Bu arada Silvan faciasından sonra bazı liberal yazarların, “Hükümet Kürt siyasetine verdiği sözleri yerine getirmedi; eylemlerin bir sebebi de budur” şeklinde yorum yaptıklarına şahit olduk; bu fikir erbabına göre çözüm, Öcalan’ın bir şekilde affedilerek aktif siyasete dönmesi, KCK sanıklarının salıverilmesi, anayasa çerçevesinde Kürt varlığının kabulü cinsinden tavizlerdir. İçlerinde hayli tecrübeli gazetecilerin de bulunduğu “Kavga istemiyorsan saldırgana itaat et” anlamına gelen tavsiyeler üreten bu topluluk, herhalde Kandil Dağı’nda olduğu gibi Cumhurbaşkanlığı uçağında da aynı derecede ilgi ve ikrama mazhar olduklarından başlarında “âkil adam” tüyü taşıdıklarına inanıyor galiba. Liberallerin Türkiye’de anayasal düzenin demokratikleşmesinde ve darbe krizlerinde takındıkları tavır doğru ve değerliydi fakat hükümet politikaları üzerinde bir nevi “Liberal vesayet” kurma istekleri dikkat çekiyor ve sevimliyken sevimsizleşiyorlar.

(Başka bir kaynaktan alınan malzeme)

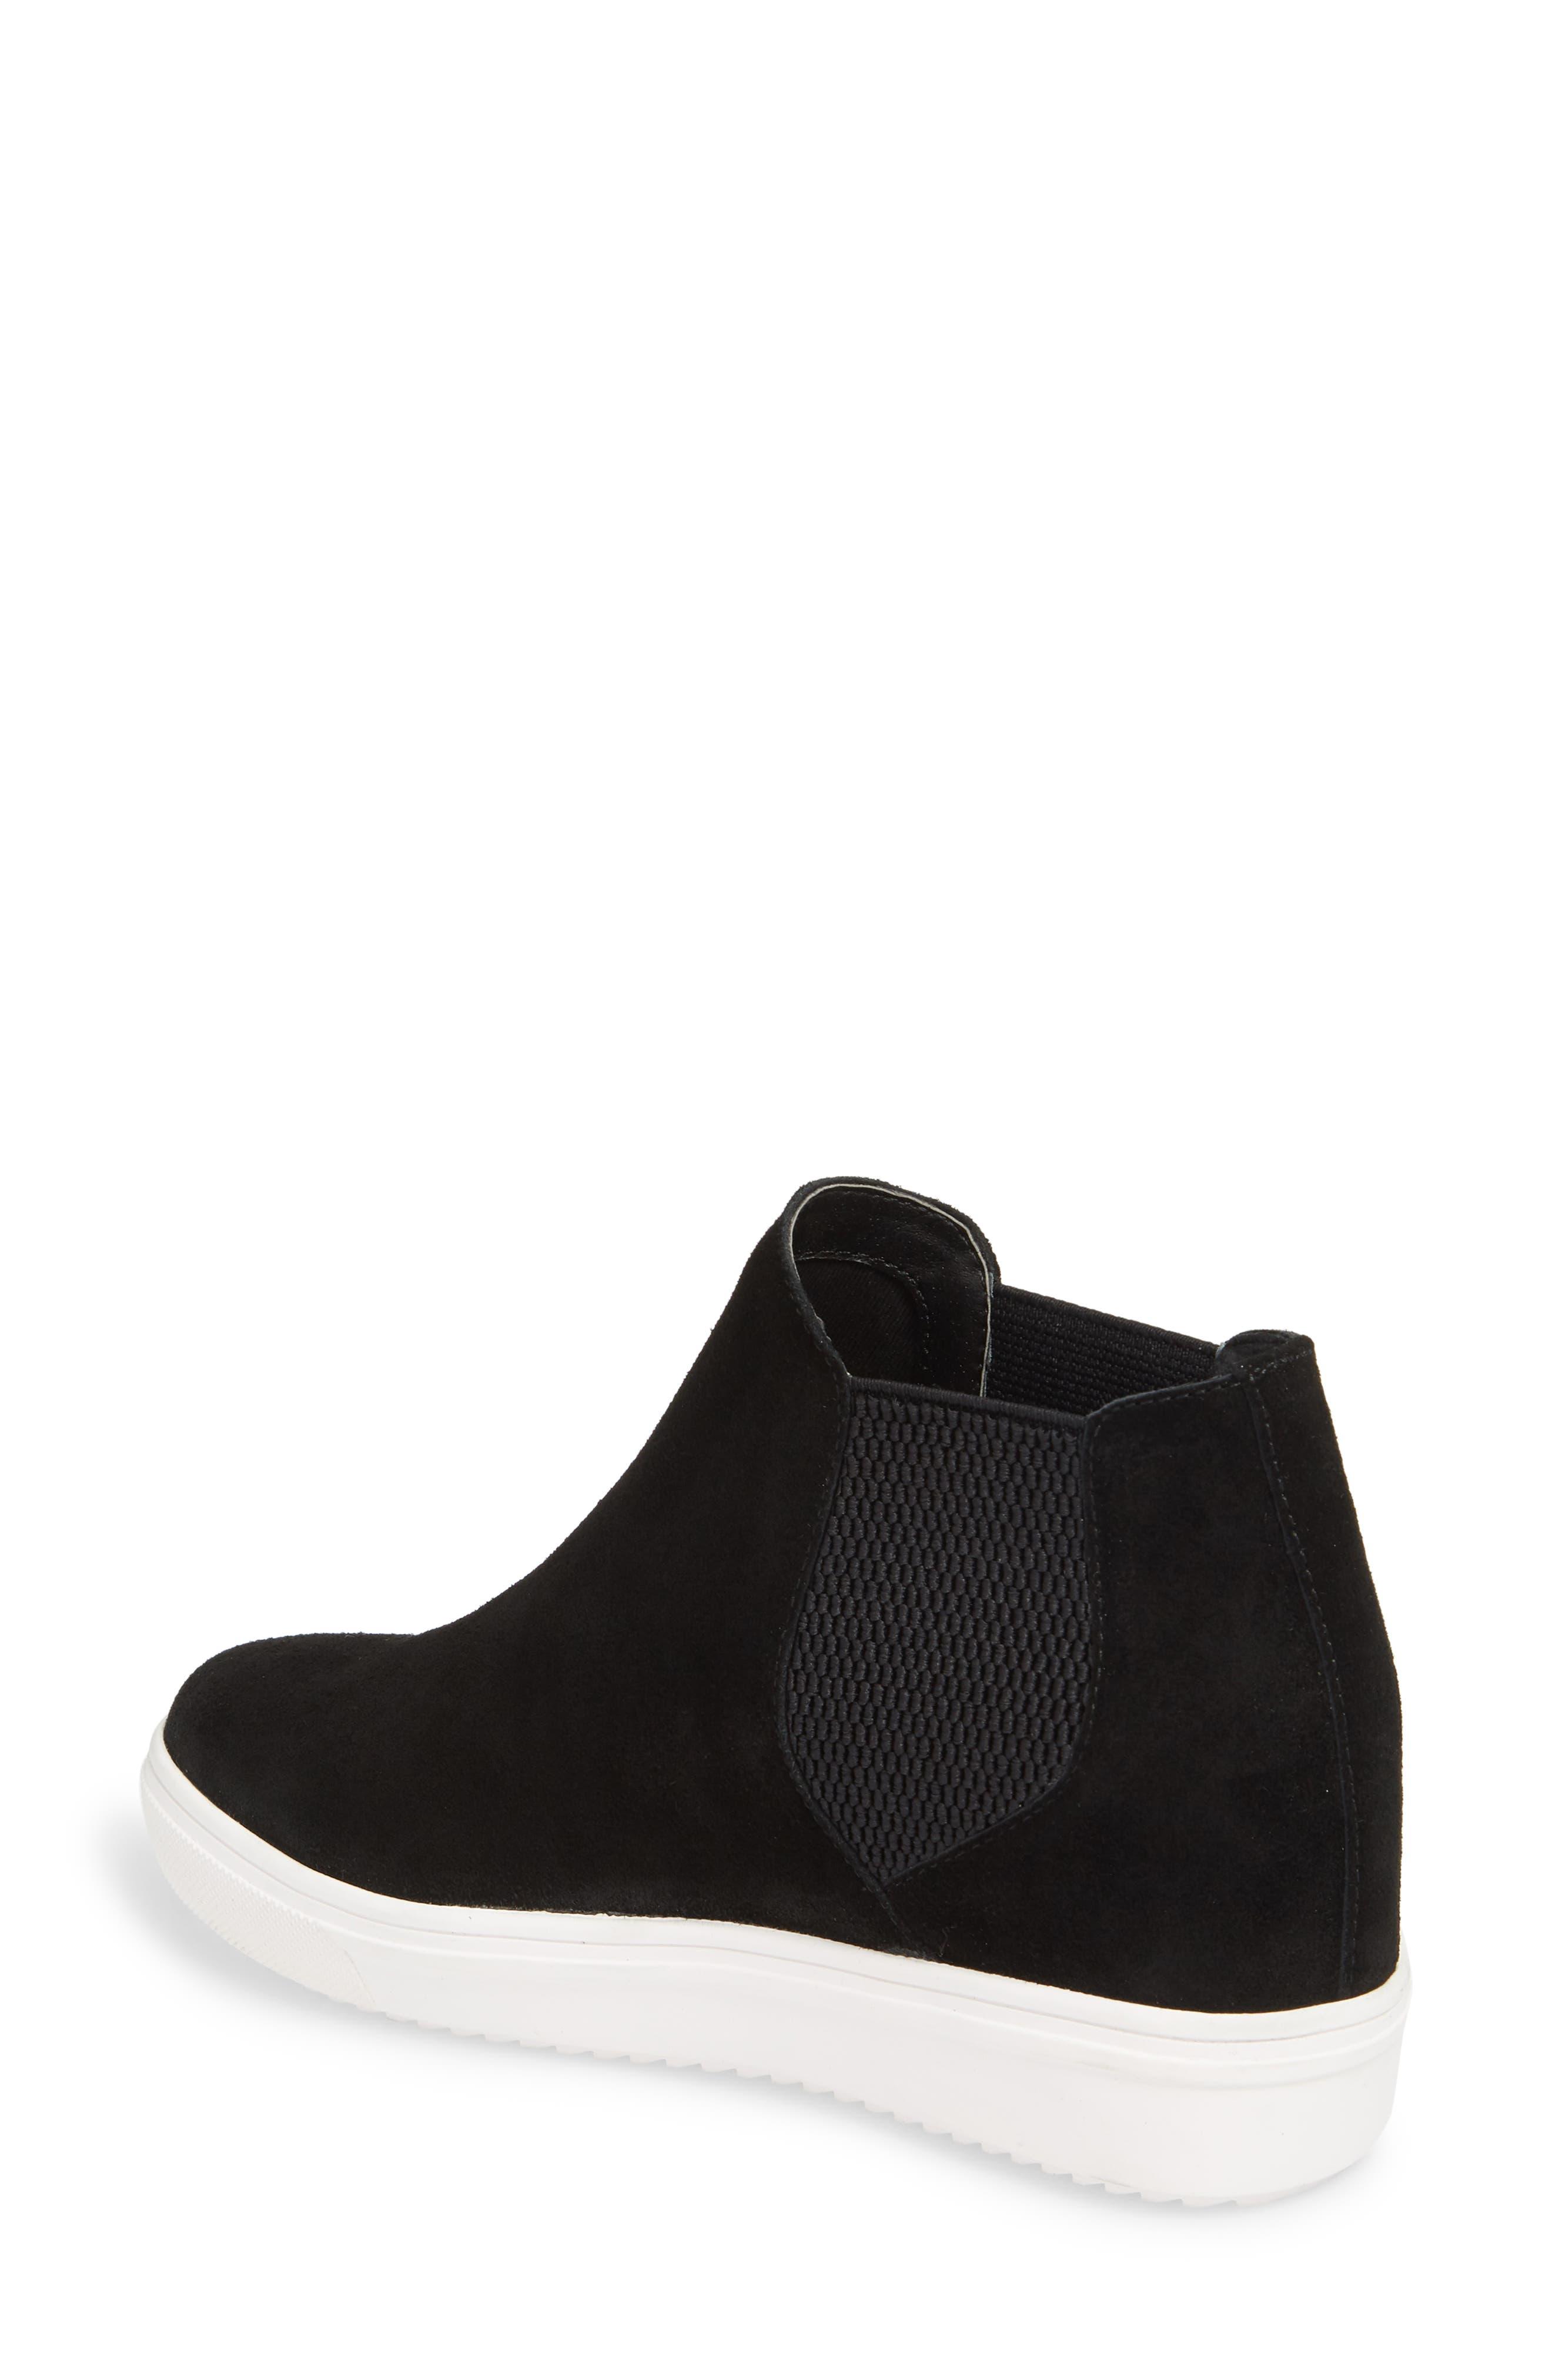 Sultan Chelsea Wedge Sneaker,                             Alternate thumbnail 2, color,                             BLACK SUEDE
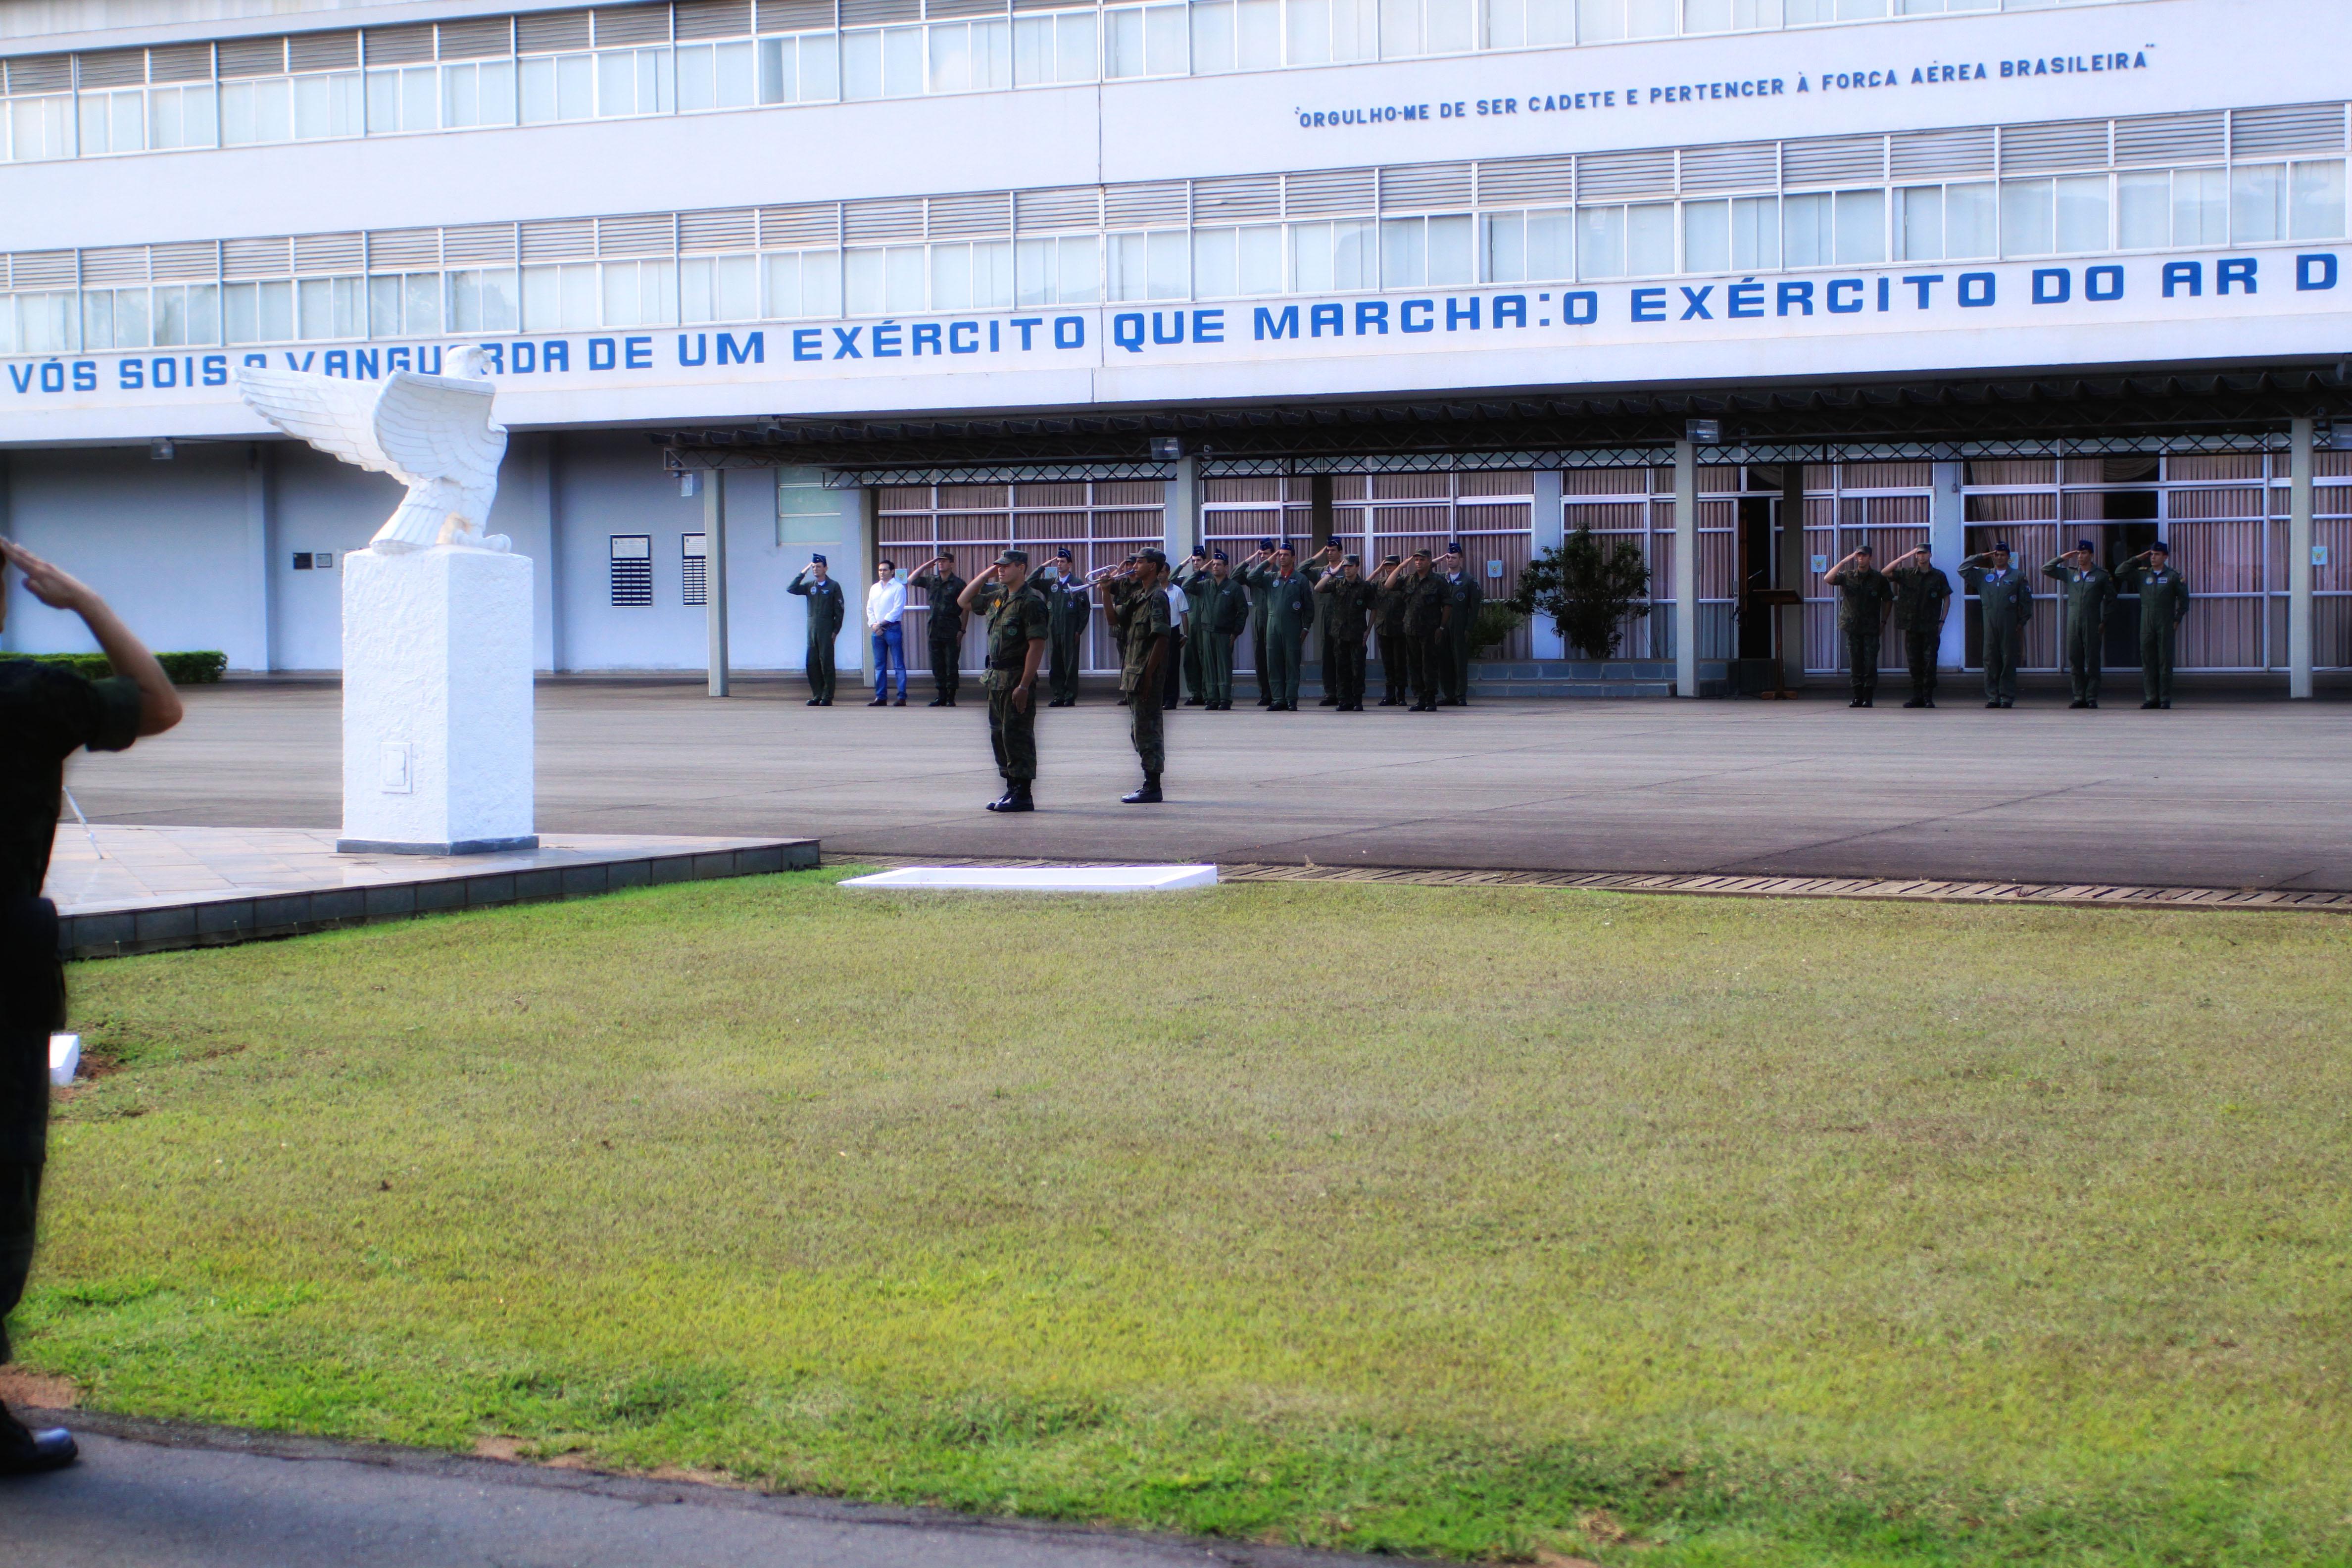 Corpo de Cadetes da AFA - Formatura de Passagem de Serviço (Parada Diária) - Honras militares ao Com

Artık çözümün eskisine göre daha tutarlı ve gerçekçi bir yol haritası var; ilki, saldırganı caydırmak; bunun için gerekirse güvenlik güçlerini reorganize etmek; ikincisi ise demokratik hakların kazandırılmasında kesinlikle tereddüt göstermeden yola devam etmek.

Kriz günlerini sabır, akıl ve emekle geçeceğiz, geleceğimizi yine Kürtlerle aynı yerde, aynı sokak ve mahallede beraber paylaşacağız inşallah.